Monday, January 17, 2011

What's Your Attendance Policy?

As I have admitted before, I was not the best undergraduate student. I routinely didn't go to class. I can count on one hand the number of courses where I attended every class. Most of them were taught by the same teacher. She was an adjunct, and she taught some of the most thankless courses. Our first course with her was Technical Writing. And yet, we all attended every class, did every assignment, and were usually lined up around the corner to see her during her office hours. I don't remember if she had an attendance policy in her syllabus (she probably did), but it wasn't for fear of punishment that we did or did not attend her class. We wanted to be there, and we saw the utility of attending her classes. 

Another instructor (another adjunct) that I vividly remember also got me to attend every class. But it was because there was a severe penalty built into the syllabus if you missed even one class. We hated it. Everyone in the class resented the fact that we were being "forced," through threat of punishment, to attend the class. We would sit through his long lectures and plod through his boring exercises wondering why it was we absolutely needed to be there. It didn't help that it was Editing at 8:30 on Friday mornings, but if our Technical Writing teacher had been the instructor, we would have been there, no matter what.

This is the problem I have with attendance policies; it gives students the wrong incentive to attend class. if I am doing my job as an instructor, students will understand the utility of my class, enjoy (or at least appreciate) the learning process, and willingly attend. If a student at this level doesn't yet understand that attendance matters, then docking them a few grades won't help; if anything, they'll end up resenting you, your class, and your policy.

A number of my students have told me about the zero tolerance policy their high schools have developed in regards to attendance; if you miss a day for any reason not deemed acceptable, you get detention or suspension. Most of the time, however, those students who are "forced" to go to school are disruptive or don't bother doing the work required of them. No amount of punishment seems to change their attitude towards school and schooling; they see it as a waste of their time. I want to make sure that my students don't think that I am wasting their time.

That's not to say that there isn't a stick that goes along with the carrot. The students learn very quickly that every day we do a variety of activities in class that directly relates to their upcoming (or in progress) essay assignment. All of these activities count in their final grade. For me, the incentive isn't that they lose marks by not being in class, but that they miss out on important practice and preparation for major assignments. Doing well in my class isn't about just attending, it's about actively participating and working on what we focusing on that day. I have a number of students who show up and either sleep or just stare at me during class. The quality of their writing has not improved. 

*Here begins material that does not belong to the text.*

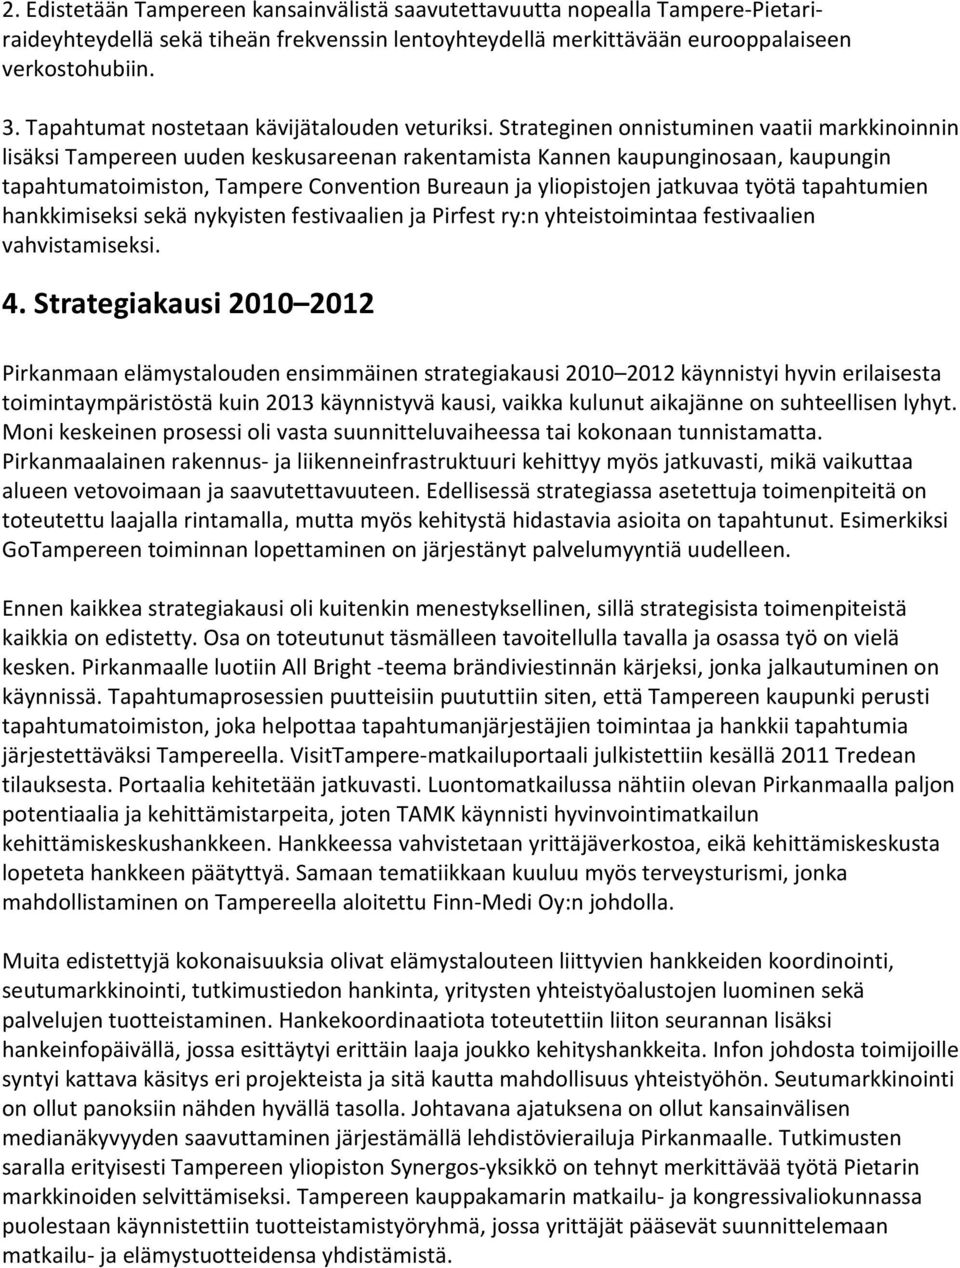 Strateginen onnistuminen vaatii markkinoinnin lisäksi Tampereen uuden keskusareenan rakentamista Kannen kaupunginosaan, kaupungin tapahtumatoimiston, Tampere Convention Bureaun ja yliopistojen
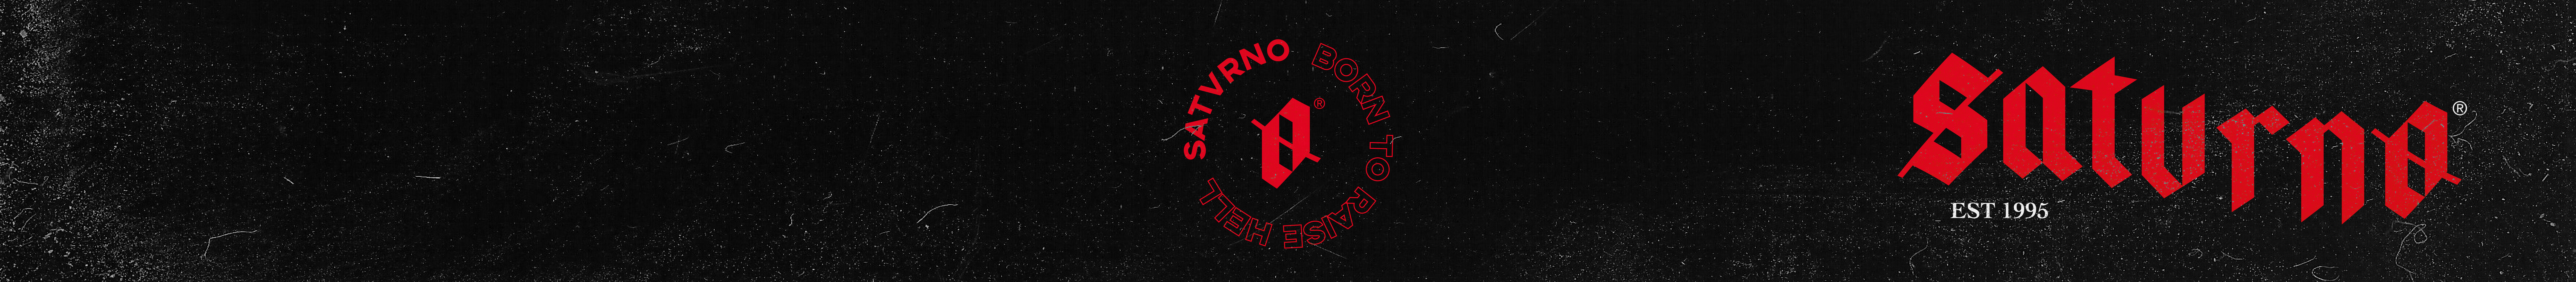 Satvrno Art's profile banner

I want to be more like my Technical Writing instructor than my Editing instructor; I want students to want to attend my class, not feel that they have to attend but are wasting their time in doing so. 


  1. I only have attendance policies in classes where other students' learning is affected by an absence. An example is my First Year Seminar class where there's a lot of discussion and team work for their projects done in class. In my physics classes, I do happen to have a quiz every day but I've had lots of students get up and leave after the quiz. It's their tuition, so I don't usually say anything.

    One time, though, I was able to show the students a graph of their performance on a recent exam versus their attendance. Needless to say there was quite a strong correlation to be seen. I don't think it actually changed the attendance rate but I didn't get as many excuses after that for poor performances.

    I do have some colleagues who take attendance as a matter of course in all their classes. I think they are most often thought of as you thought of your Editing professor.

  2. Hear Hear. I used to make it clear at the beginning of the course that I didn't care if they attended but that I designed the content of the lectures and seminars so that it would help them learn and do well. I also said that if they didn't attend, I wasn't going to replicate class content in office hours but that if they attended regularly and had problems, I'd spend as long as it took helping them.

    I have also kicked students out of a seminar class for not coming prepared. I had designed the reading and discussion so that students would be sharing what they'd read with other students who had read something different and thus they'd all cover more material. About half the class hadn't done their reading and I told them that their time would be better spent in the library reading what they should have read before class, and the students who had done the work could have better discussions amongst themselves.

    They didn't believe me but I made them leave. As I recall, students came prepared after that.

    I guess that means while I see Andy R's point about attendance that affects other students learning, I'm not sure that having unprepared students in a discussion seminar is helping the prepared students. I'm not a fan of encouraging free-riding.

  3. I agree with JoVE that free-riding students are a drain on the class. I, too, have kicked students out for not being prepared but I'd love to have a few more carrots in my arsenal than that stick.